Campbell government deregulated recovery homes in British Columbia after winning power seven years ago.
Victoria (6 March 2009) - The New Democratic Party is demanding that B.C.'s Liberal government fix a problem it created seven years ago by deregulating the operation of recovery homes in the province.
The issue was raised in the legislature by NDP Leader Carole James following a CBC report that dozens of unregulated operators are taking social assistance cheques from drug addicts in exchange for often unsafe, unsanitary, unsupervised and overcrowded accommodations.
Recovery homes were regulated under the former NDP government between 1998 and 2002 but all regulation was scrapped when the government of Premier Gordon Campbell came to power in 2002.
George Abbott, Campbell's current health minister, now says he is moving to re-regulate recovery homes and hopes to make an announcement later in the year.
The CBC found that more than 100 Lower Mainland homes have been turned into rooming houses for alcoholics and addicts seeking recovery.

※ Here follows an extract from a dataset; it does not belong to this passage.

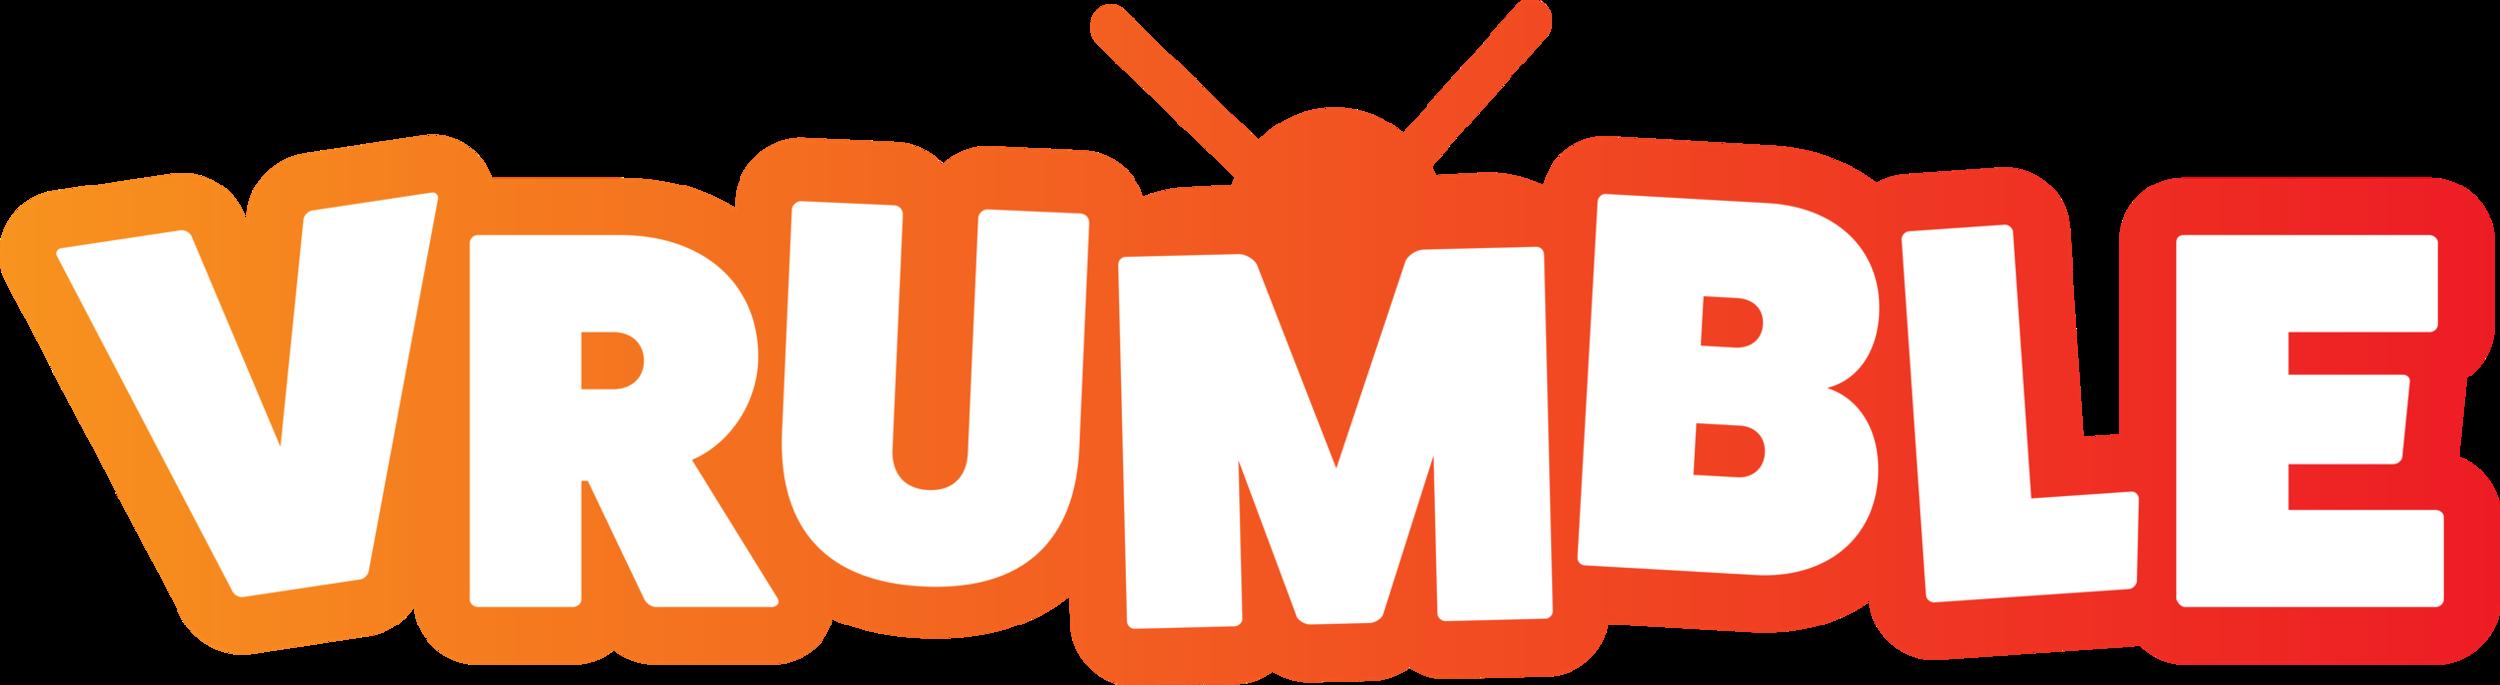 2540x696 pixels - Vrumble Logo .png

Typically, private organizations rent inexpensive — often substandard — homes in suburban neighbourhoods and then rent out space to recovering addicts and alcoholics who agree to sign over their welfare cheques to guarantee monthly payments.

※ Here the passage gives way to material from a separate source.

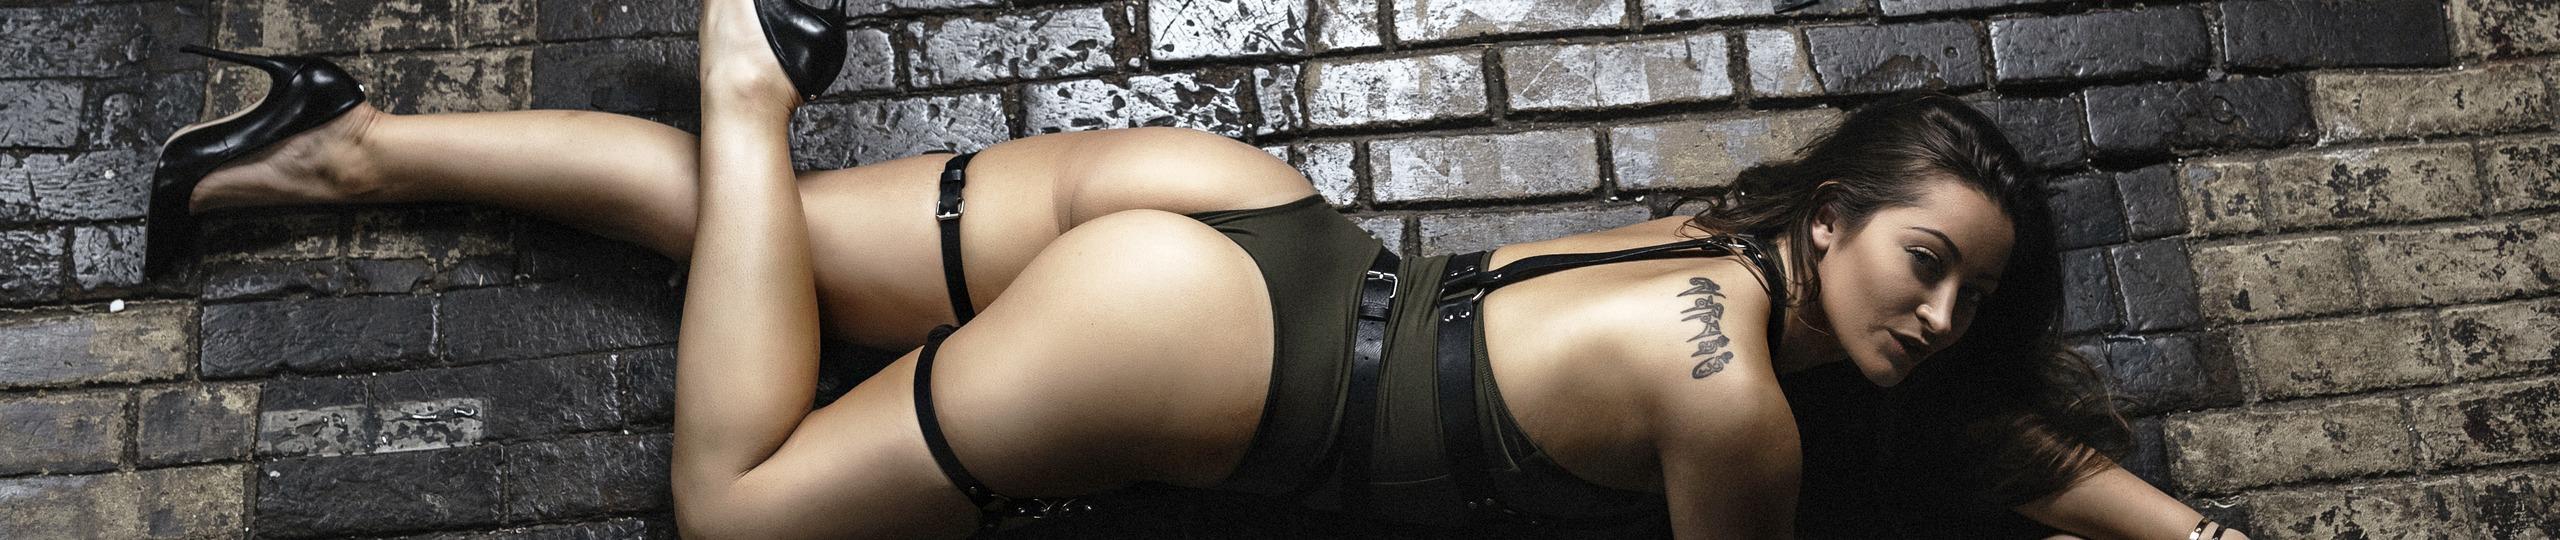 Dani Daniels - profile image

Once the arrangement is in place, the CBC found, residents are often left to run the homes on their own with few resources and little or no direct supervision.
"Why are communities still waiting for the B.C. Liberals to fix a problem that they created?" James asked the premier in the legislature. "What was he thinking? Was he thinking about the betrayal of the people that he said he was going to defend?"
Abbott said the controversy is obscuring the fact that many of the homes are operating successfully despite the existence of "some bad apples."
He has not announced a date to put new regulations in place. "It is a relatively complex process to put that licensing in place," he added.